Some of the nation's largest hospital systems are turning to a startup to help them deliver at-home hospital care to patients who otherwise would have been admitted.
Ascension, CommonSpirit and Highmark Health are some of the organizations that have signed joint venture deals with Nashville-based Contessa over the past few months.
It's a move that may seem at odds with the traditional business model of hospitals, but it's one way providers are trying to get ahead of the curve as pressure mounts to reduce the cost of care and as reimbursement is increasingly tied to quality. It also fits the trend of care moving out of the pricey hospital setting.
Historically, health systems have worried about "heads in beds," Amber Sims, chief strategy officer with Saint Thomas Health in Tennessee, part of Ascension, told Healthcare Dive. Nationally, Ascension is working to find new business models that will transition one of the nation's largest health systems into the future, she said, and this is one of those projects.
The joint venture with Contessa allows clinicians to care for the sickest patients in the hospital while moving those who don't require continuous monitoring to their homes. With patients at home, hospitals are not providing meals or housekeeping services, potentially lowering overhead costs.
Medical complications are the primary areas of Contessa's clinical focus for at-home patients, Contessa CEO Travis Messina told Healthcare Dive. Some of those complications could include diverticulitis, pneumonia, congestive heart failure and asthma.
Pittsburgh-based Highmark Health is the latest system to sign on with Contessa, inking a deal last week.
The joint venture serves two purposes for Highmark Health: It keeps people out of the hospital who don't need to be there and it alleviates congestion at busy hospitals, Tony Farah, executive vice president and chief medical officer for Highmark, told Healthcare Dive.
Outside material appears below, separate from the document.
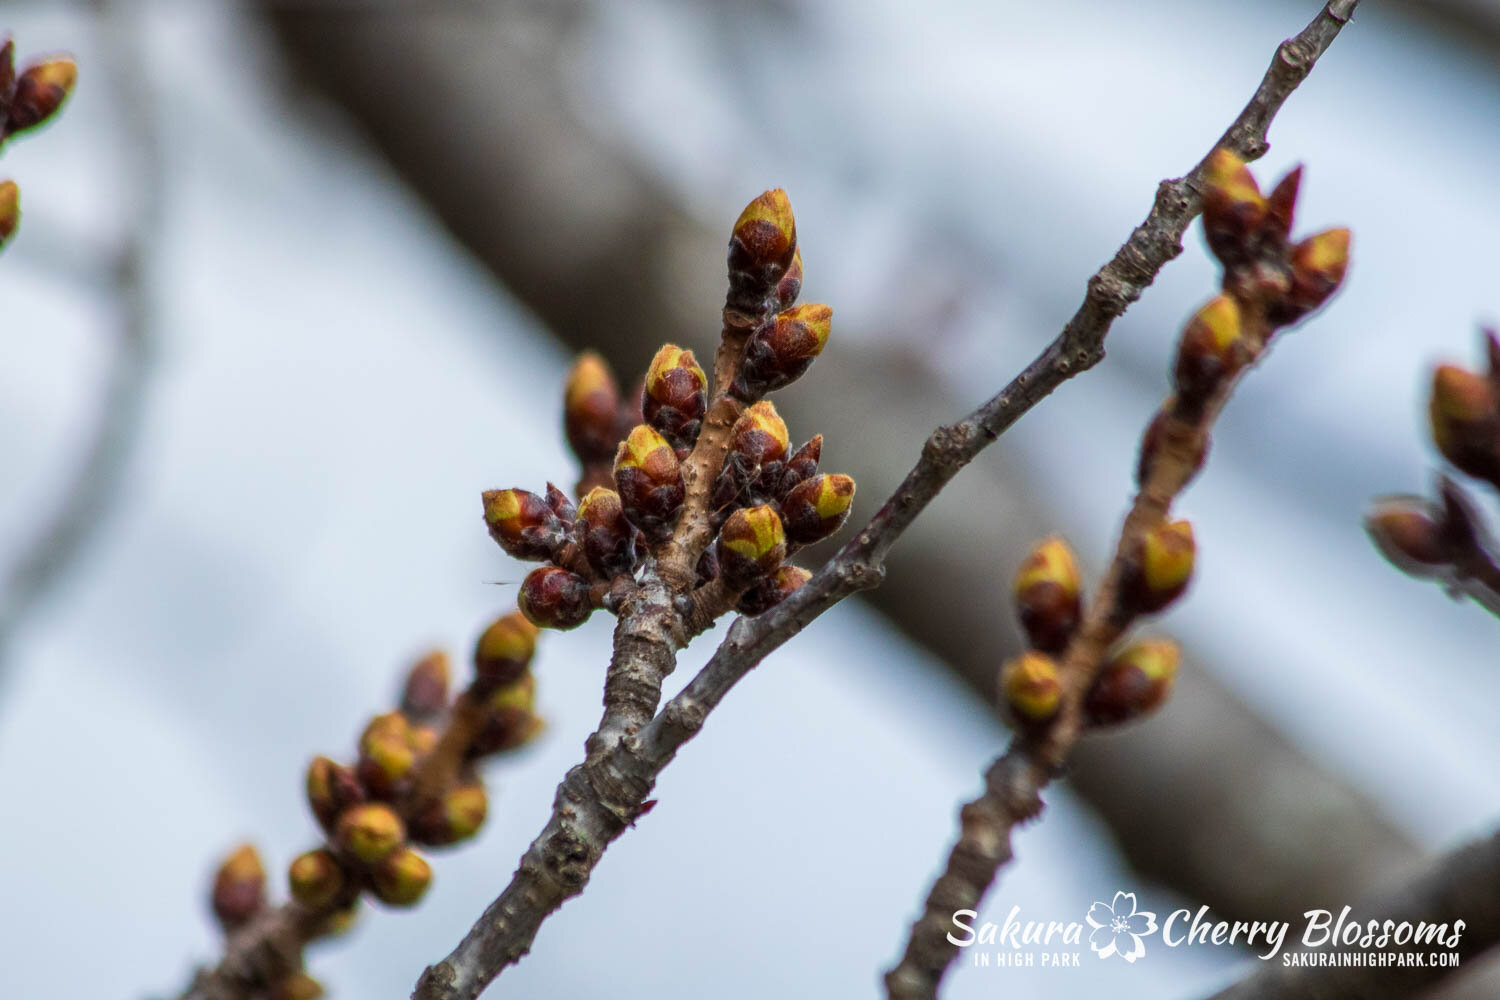 Sakura Watch March 27, 2024 - Cold and snow slowed progress by keeping the buds in Stage 2, but the return of warmer weather will keep things moving along into the next stages by next week. A few factors helped the trees survive the cold - the temper
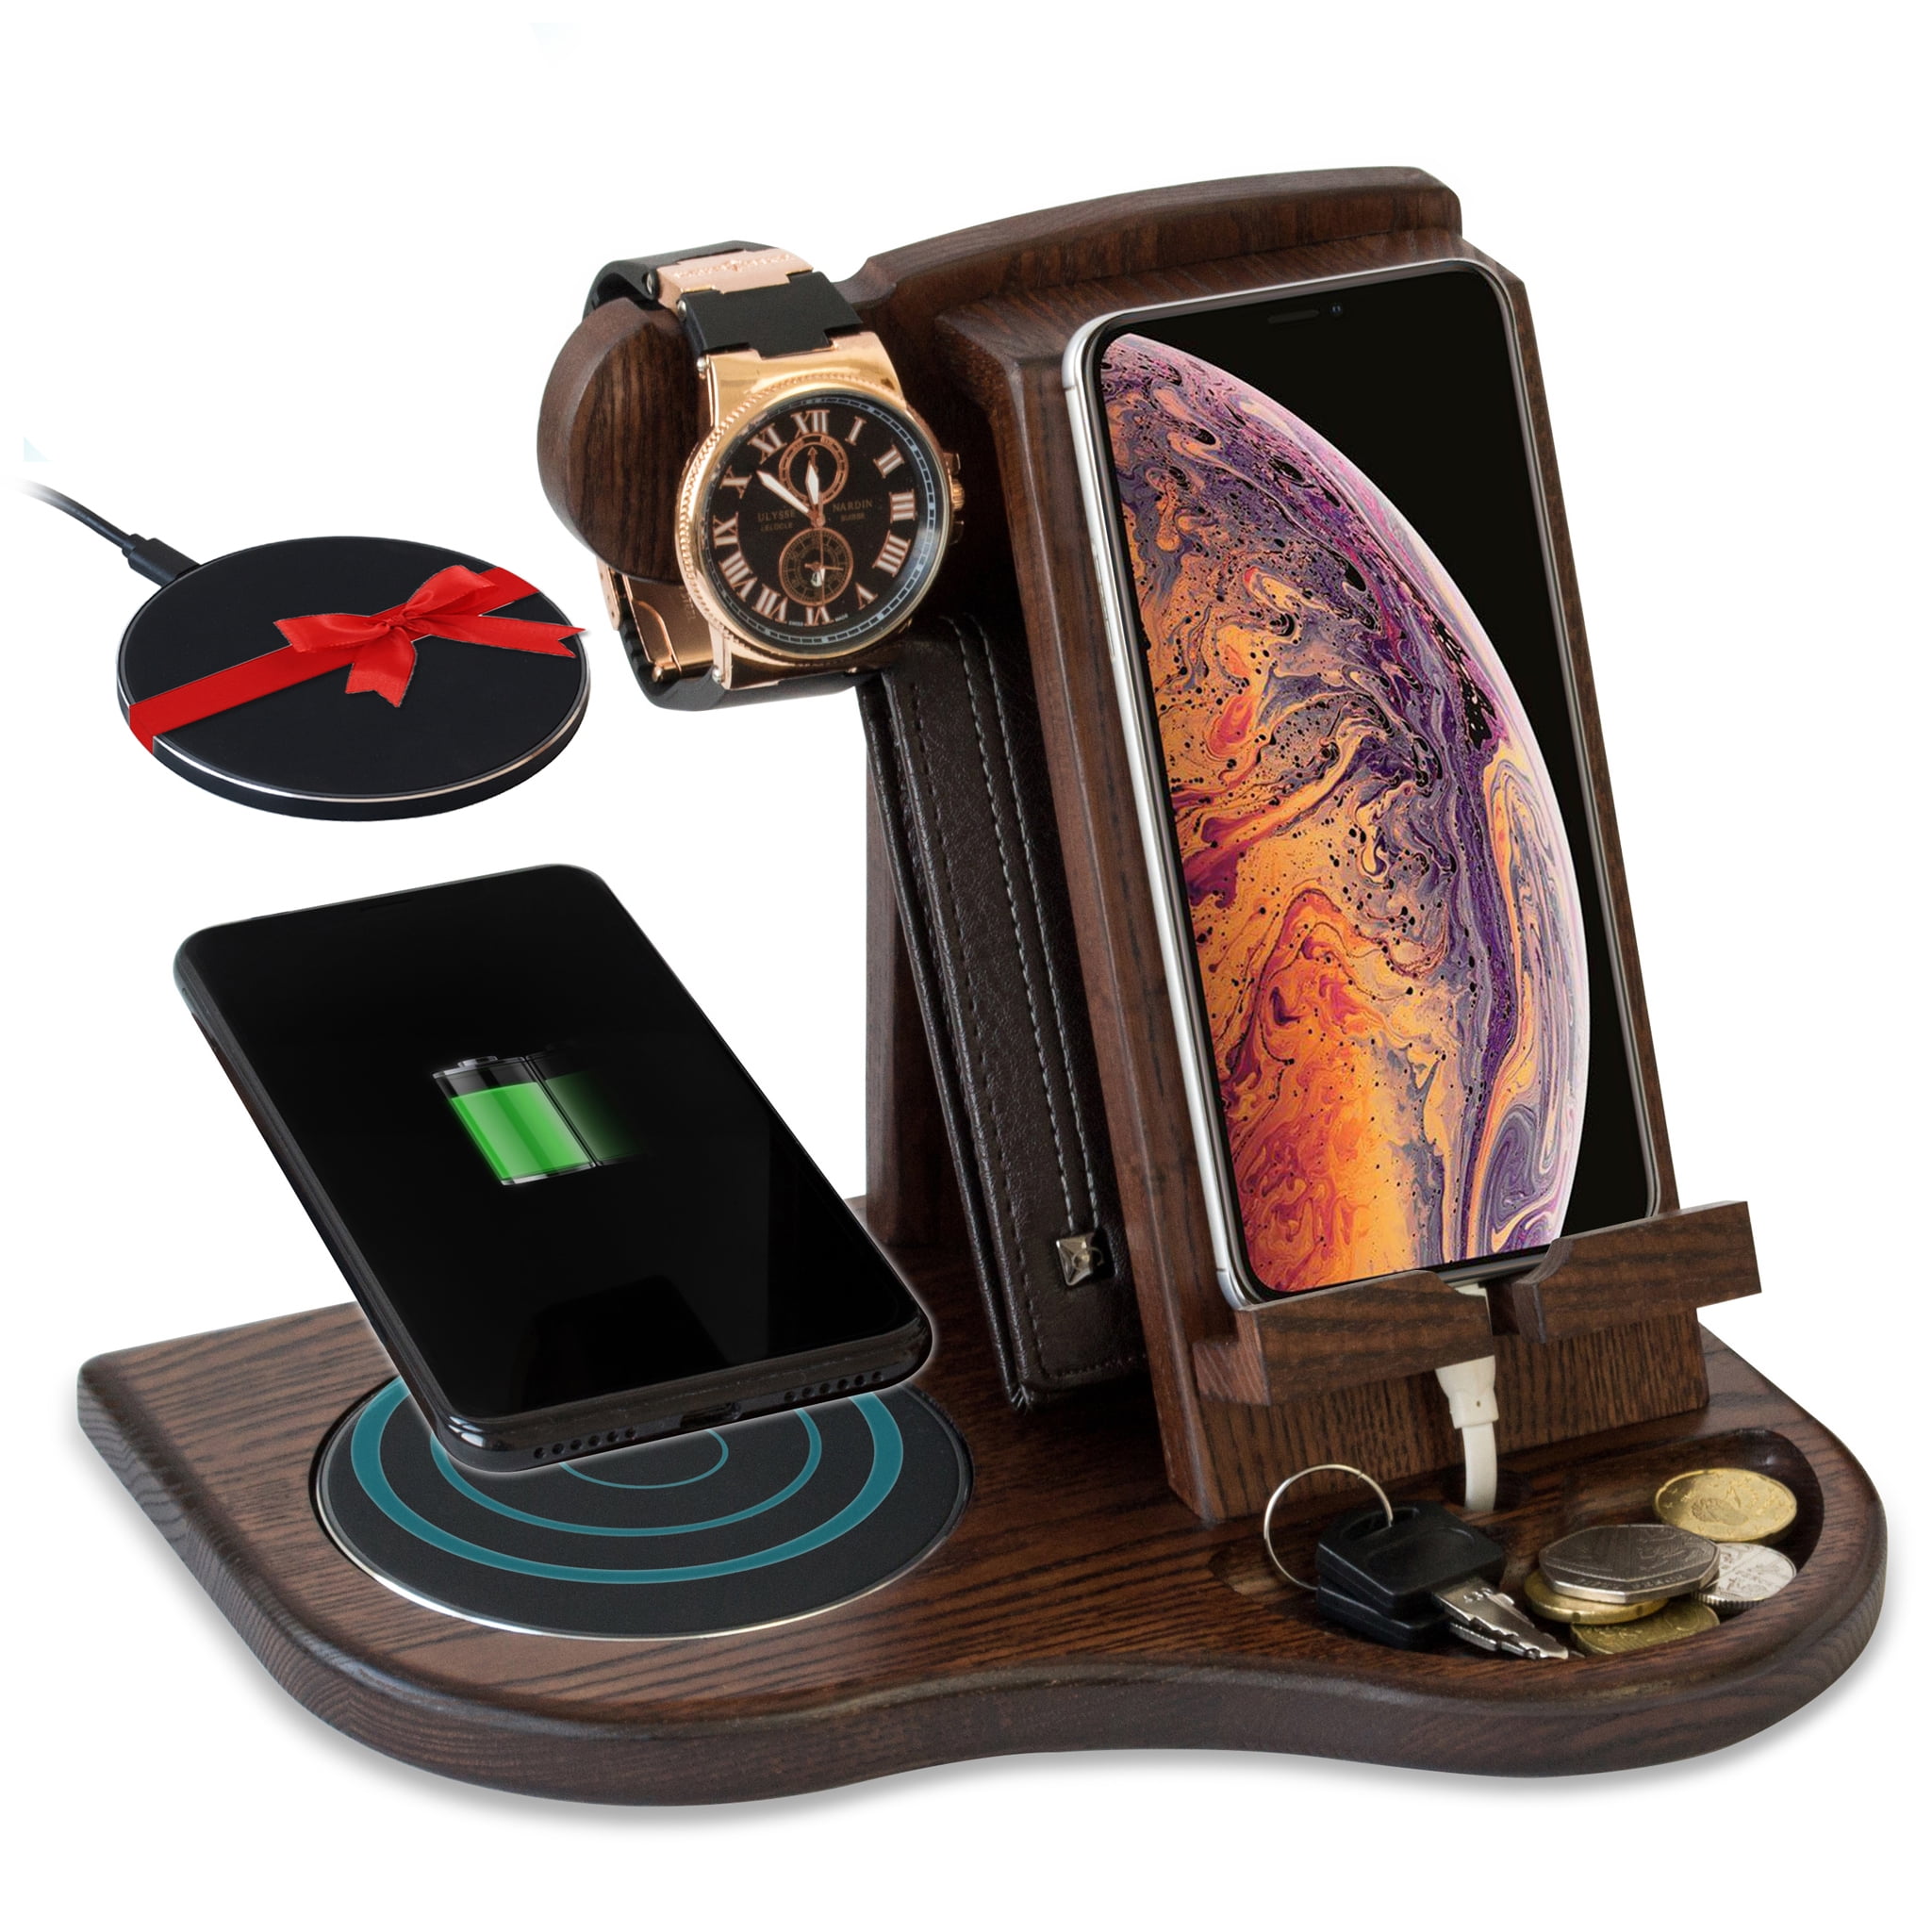  Docking Station PERSONALIZED MENS GIFT gifts for men Apple  Watch Stand wooden docking station gift ideas for men gifts for boyfriend :  Handmade Products

"It really decompresses those hospitals and doctors to be able to take care of the sicker patients, which is what you really want to accomplish," Farah said.
Highmark, which is first rolling out the program at one center before implementing it across the rest of its facilities throughout 2020, said it expects to see larger volumes of at-home patients among Medicare beneficiaries. The service will become available to those beneficiaries during the first of the year.
Contessa's technology can flag up to 150 diagnoses that can be treated at home. After further evaluation, a medical team decides if the move home is appropriate. Contessa establishes the reimbursement arrangements with payers for the services and technology it brings to its partner health systems. The health systems use their own clinicians to dispatch to a patient's home.
Messina said Contessa's biggest competitors are health systems doing this on their own.
Highmark executives said they were initially surprised at how many patients were flagged as potential candidates for at-home care, even among the commercial population of patients.
"It is a significant percentage of patients who would fit those criteria if you think about it. Because a lot of patients who end up hospitalized, regardless of whether it's a community hospital or a quaternary care center, end up being in the hospital for just a few days," Farah said.
Messina was also struck by how many patients could be treated outside the hospital. While working for Vanguard Health Systems, which was later acquired by Dallas-based Tenet Health, Messina noticed that at least 40% of the system's admissions were for medical complications that didn't need round-the-clock monitoring.
He felt those figures represented an opportunity to try something new, but wasn't sure he could scale an at-home solution.
When the Bundled Payment for Care Improvement program launched, Messina knew the idea could be scaled. He started writing the business plan in January 2014, a year after that program was started, he said.
His idea first attracted four primary investors: Martin Ventures; Charlie Martin, chairman and CEO of Martin Ventures; Blue Cross Venture Fund; and Noro-Moseley Partners of Atlanta.
Typically, Contessa signs joint venture deals with its health system partners, creating a new business in which each entity has an ownership stake, Messina said, likening it to how hospitals partner with ambulatory surgery centers.
Payers have agreed to pay a fixed price for a 30-day period, or bundle of services, and the JV assumes the risk. Anything beyond that fixed price is absorbed by the JV.